Anyways I ran into this forum while researching for the pen and after realizing that some of the taps and dies required for a kitless pen are expensive, I’m trying to see if I can make something work as a first pass with the equipment I have.

So with that in mind, I’m wondering if anyone has had success with friction fitting the nib sections into their pens. This would mean I wouldn’t have to buy a tap for the Jowo #6 I was thinking of.

Any thoughts are greatly appreciated.

-Hank


Sent from my iPhone using Tapatalk


----------



## FGarbrecht (May 10, 2020)

Are you talking about fitting the section to the body of the pen OR friction fitting a Jowo housing into the section?  If the former you can just use a standard 9 mm tap/die set (not expensive); you would only need the custom Jowo tap/die if you are using a manufactured Jowo feed housing instead of making your own section.  If the latter, I haven't tried it (friction fitting) but the tap isn't really that expensive (Cheng Wu here on IAP can get reasonably priced taps for you).


----------



## darrin1200 (May 10, 2020)

Welcome to the forum Hank.

If you have access to, and a good amount of experience on, a metal lathe, then I think you should be able to make your own pen. A lot goes into the design and how the parts fit together, but being an engineer, this should be relatively easy for you.
A friction fit by its name is a smaller hole than the part being pushed in. If you squeeze the feed housing into the hole, it will likely squeeze the nib and feed causing issues (it doesn’t take much). You can create a friction fit hole for just the nib and feed, but it is not a round hole, and will take some trial and error to get one that works. Finally you could make a slip fit hole, for the feed housing, and glue it in place. This should work, and the only issue I can see is the relative difficulty in changing to a different nib. 
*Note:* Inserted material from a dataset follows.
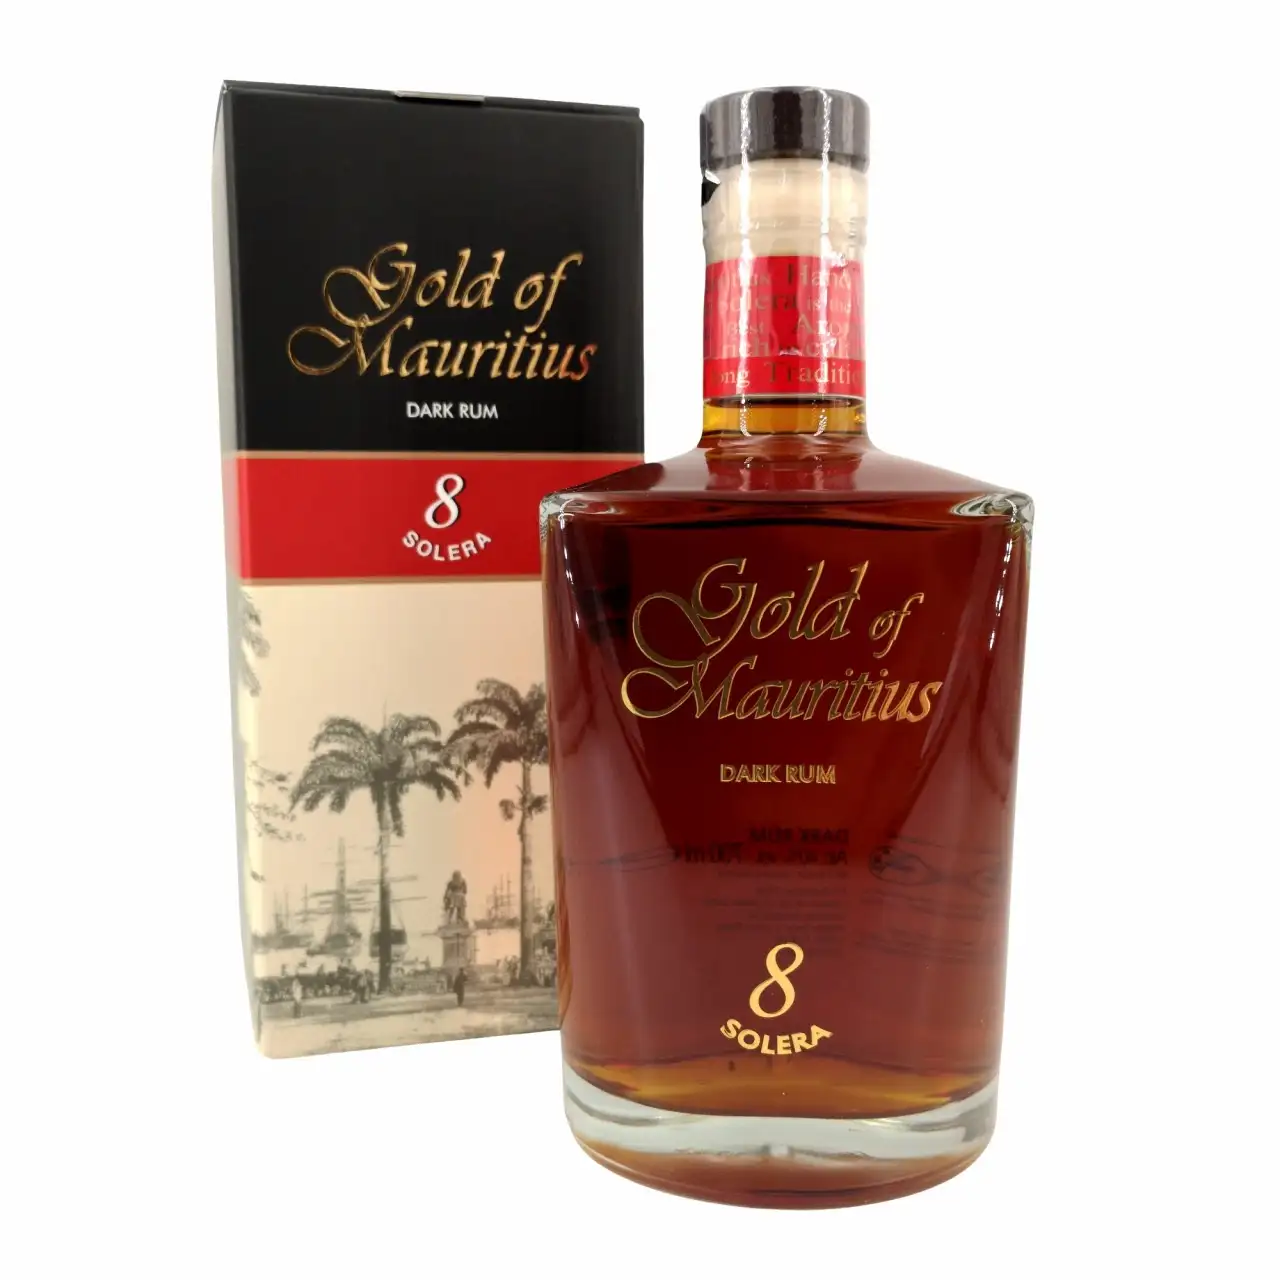 Image of the front of the bottle of the rum Gold of Mauritius Dark Rum 8 Solera

Can’t wait to see your progress pictures.


----------



## More4dan (May 10, 2020)

Hank there are a couple options for what you are looking to do. You can make the ID for the section a slip fit for the JOWO #6 and glue it in, carefully. You can make your own tap using the threading capability of the metal lathe. Or you can order a M7.5 x 0.5 tap from Amazon of EBay that is a close enough fit for the JOWO #6. It will be 0.1mm larger but with a 0.5mm thread, the overlap should be enough. I’ve made several poor boy taps, let me know if you want to go that route and I can share how I did it. 

Danny


Sent from my iPhone using Penturners.org mobile app


----------



## jalbert (May 10, 2020)

If you have access to a metalworking lathe, learn to single point thread. Then you will never have to buy taps and dies


----------



## FGarbrecht (May 10, 2020)

jalbert said:


> If you have access to a metalworking lathe, learn to single point thread. Then you will never have to buy taps and dies


Are you able to cut the internal section thread this way?  Seems pretty challenging, not even sure my tiny internal threading tool could even get in there....


----------



## AdventiveIowa (May 10, 2020)

darrin1200 said:


> A friction fit by its name is a smaller hole than the part being pushed in. If you squeeze the feed housing into the hole, it will likely squeeze the nib and feed causing issues (it doesn’t take much). You can create a friction fit hole for just the nib and feed, but it is not a round hole, and will take some trial and error to get one that works. Finally you could make a slip fit hole, for the feed housing, and glue it in place. This should work, and the only issue I can see is the relative difficulty in changing to a different nib.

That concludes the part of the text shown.